## Instructions for the task
Word for word, copy the entire listing below, but do not carry over any pictures.
Segment Start: Recorded data
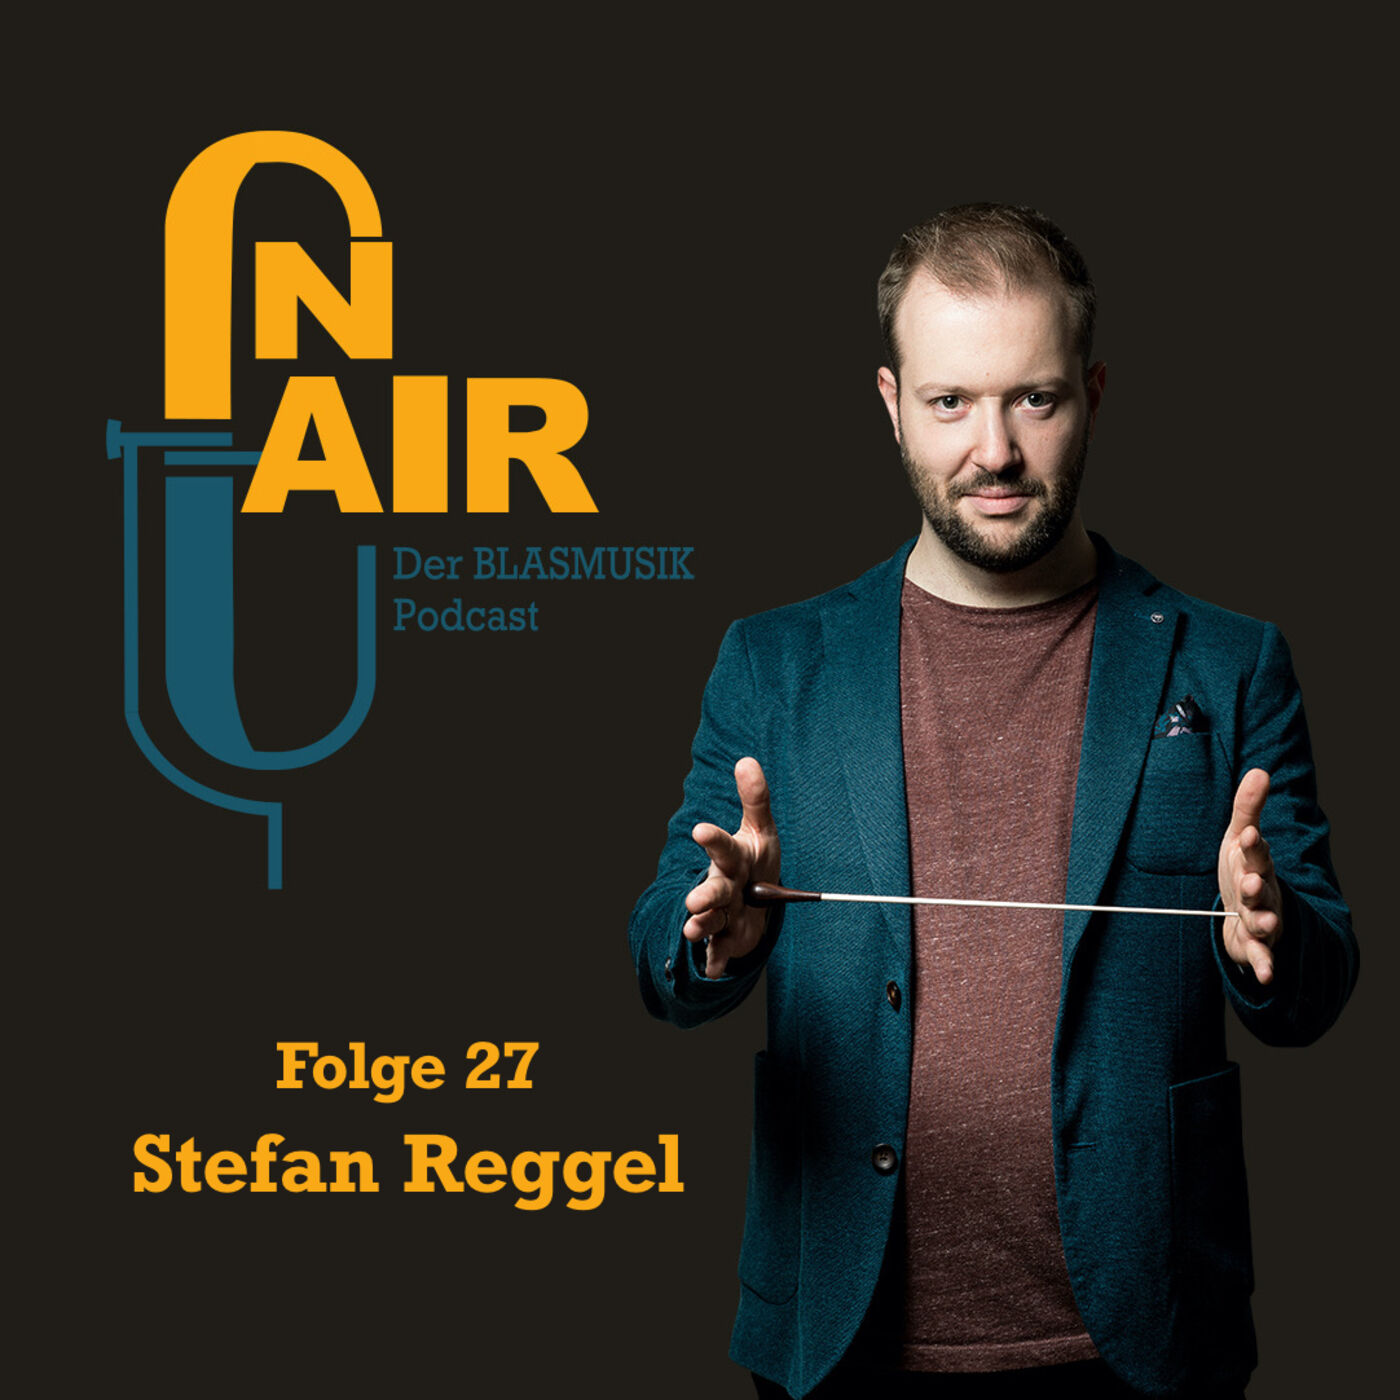 Stefan Reggel - Musik geht nicht nur um Musik, sondern um das ganze Leben
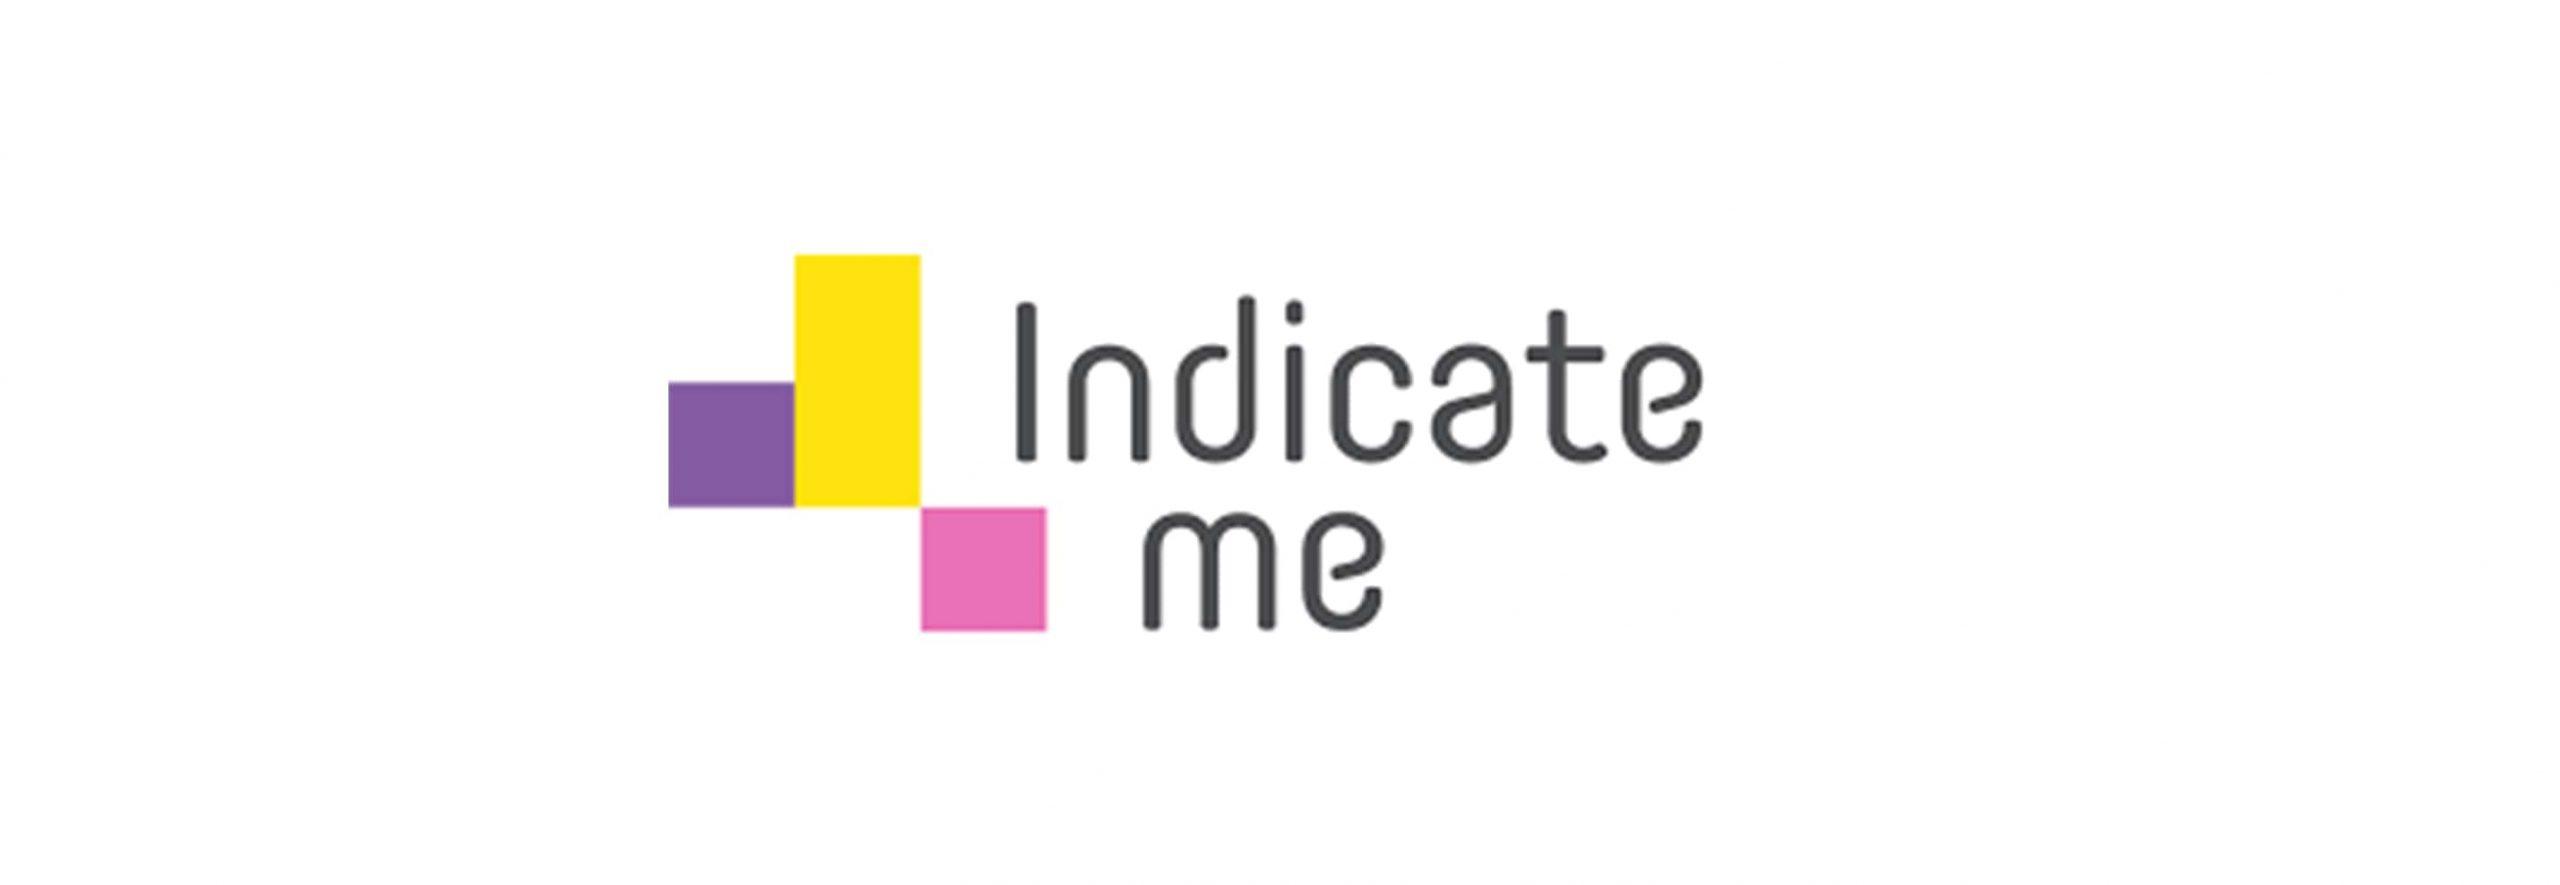 indicate me-min
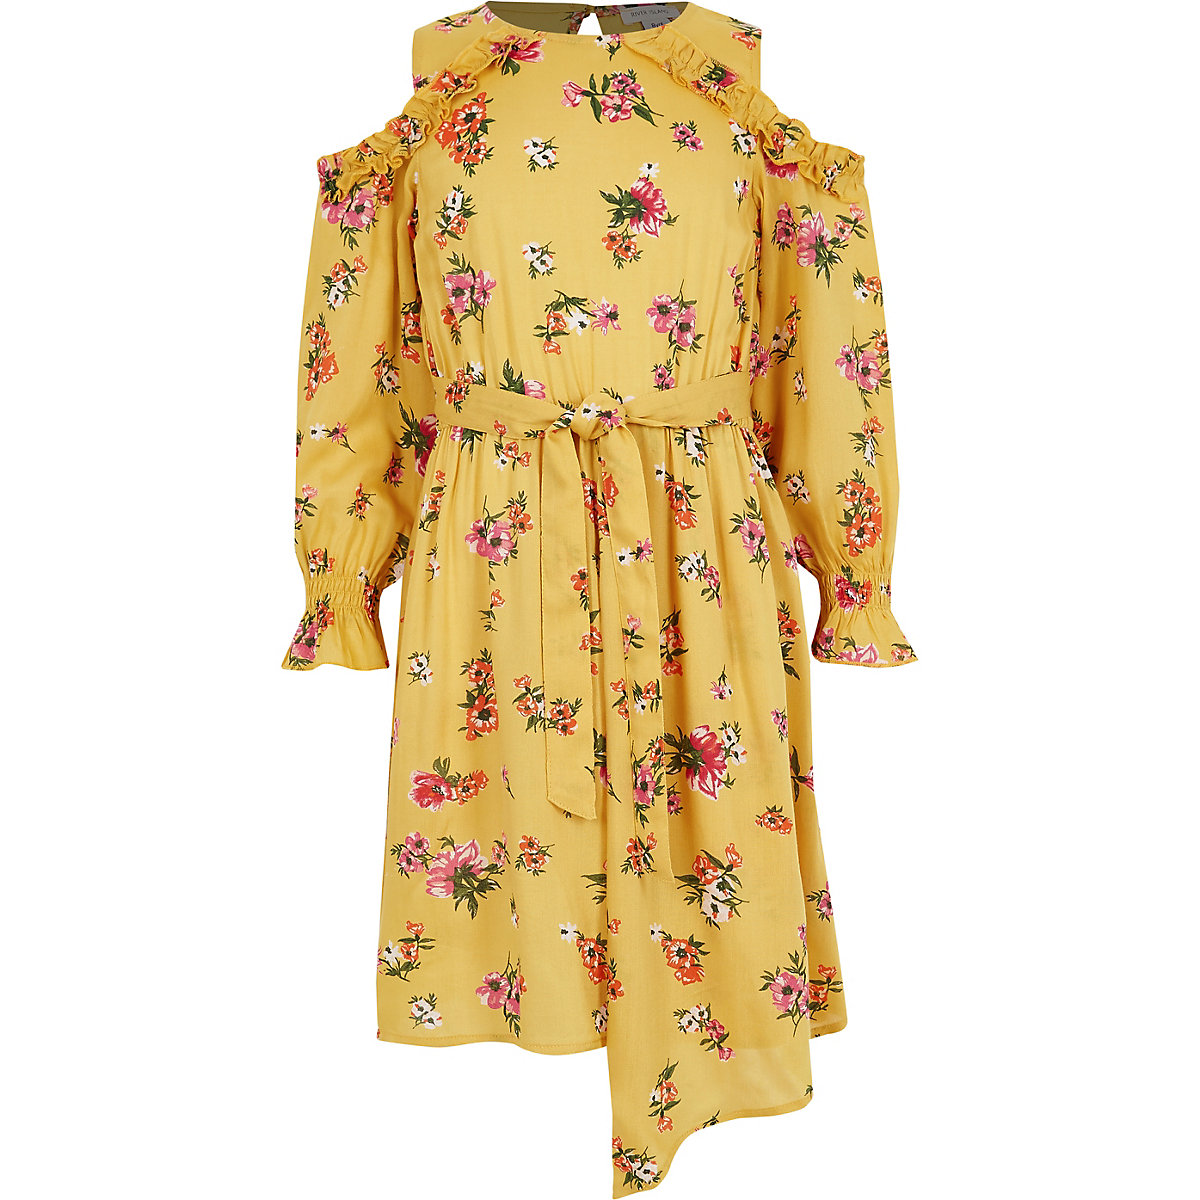 Girls yellow floral print cold shoulder dress
Segment End: Recorded data
## Answer section
 Stefan Reggel - Musik geht nicht nur um Musik, sondern um das ganze Leben
 indicate me-min
 Girls yellow floral print cold shoulder dress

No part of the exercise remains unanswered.